For the past several years, certain whole-grain barley products have been able to claim that they may be useful in the fight against heart disease. According to the U.S. Food and Drug Administration, soluble fiber foods, such as barley, which contain at least 0.75 gram of soluble fiber per serving, may indicate that, “as part of a diet low in saturated fat and cholesterol, (they) may reduce the risk of heart disease.”
Blood sugar levels
In a study that appeared in 2006 in Nutrition Research, twenty men, who were mildly insulin resistant, ate different types of muffins, including muffins that contained varying amounts of soluble-rich barley beta-glucan. The men who ate the muffins with the most barley beta-glucan had the most significant reductions in glucose and insulin responses. The researchers believed that consuming adequate amounts of foods with beta-glucan may help control the rising rates of type 2 diabetes in the United States.
A similar study from Italian researchers was published in 2006 in the Journal of the American College of Nutrition. Researchers gave a group of ten healthy volunteers’ crackers and cookies made from either barley or whole wheat flour. The barley products contained 3.5 grams of beta-glucan per portion; the dietary fiber in the whole-wheat products was primarily insoluble, and it contained almost no beta-glucan. The researchers found that when compared to the wheat crackers and cookies, the barley products significantly reduced glucose and insulin response.

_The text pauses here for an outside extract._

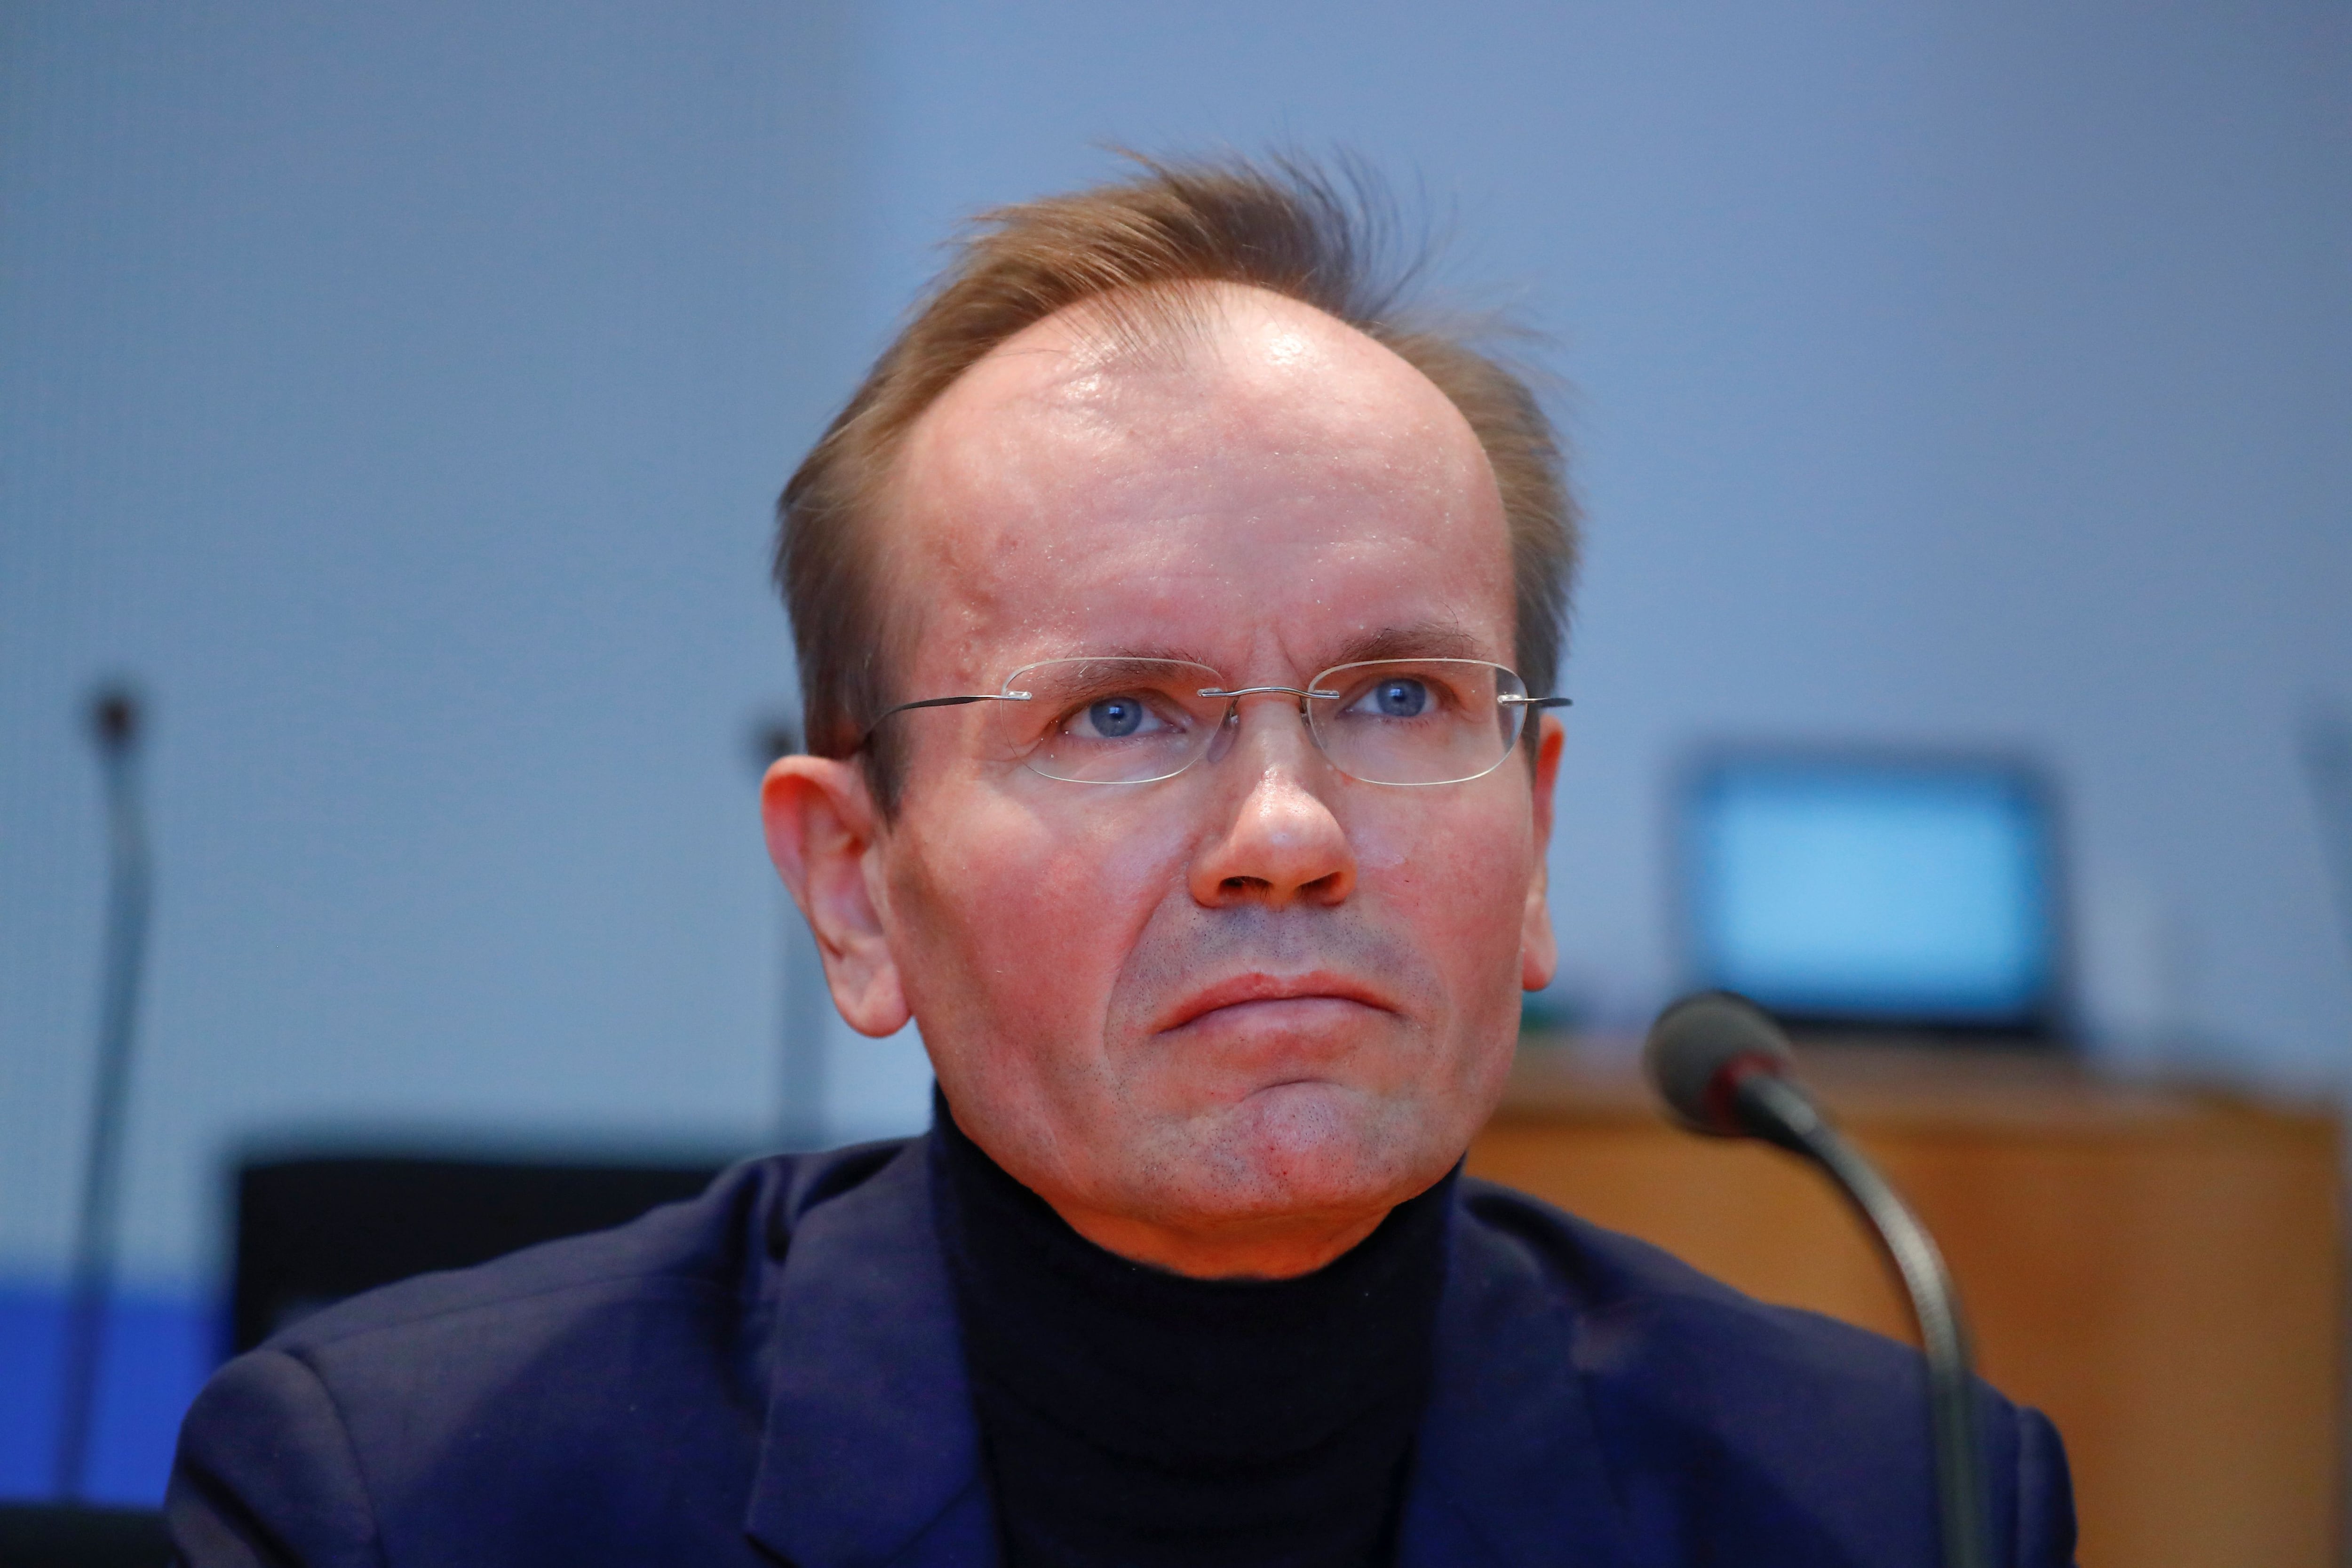 El ex CEO de WIrecar Markus Braun durante una audiencia ante el parlamento alemán (REUTERS/Fabrizio Bensch)

An intriguing study was published in 2007 in Diabetes Research and Clinical Practice. Hoping to understand why imprisonment tended to improve metabolic control in prisoners with type 2 diabetes, researchers conducted a retrospective study of the medicinal charts of 4,385 male prisoners in Fukushima Prison in Japan from 1998 to 2004. In addition to working eight-hour days, five days a week, Japanese prisoners ate diets that were high in dietary fiber that included boiled rice and barley, a food called mugimeshi. Because of improvements in their diets and lifestyles, while imprisoned, 5 of 18 prisoners who needs insulin and 17 of 34 who were cured with oral hypoglycemic means were capable “to stop their treatment and maintain good metabolic control.” As a result, the researchers concluded that “a well-regulated régime and long-term consumption of high dietary fiber might have favorable effects on metabolic control in patients with type 2 diabetes.”
Premenopausal breast cancer
Barley is filled with phytonutrients known as lignans, which are converted in the colon into enterolactone and enterodial, substances with mild estrogen like properties. In a study published in 2006 in the European Journal of Cancer Prevention, German researchers measured the concentrations of enterolactone (and genistein) in plasma samples from 220 premenopausal women and 237 controls. The researchers found that the women with the highest levels 13 of enterolactone had the lowest incidence of premenopausal breast cancer.
Though barley is a healthy addition to the diet for the vast majority of people, those who are dealing with celiac disease or other forms of gluten intolerance should be very careful to avoid all barley products. Should barley be included in the diet? For most people, it is an excellent addition.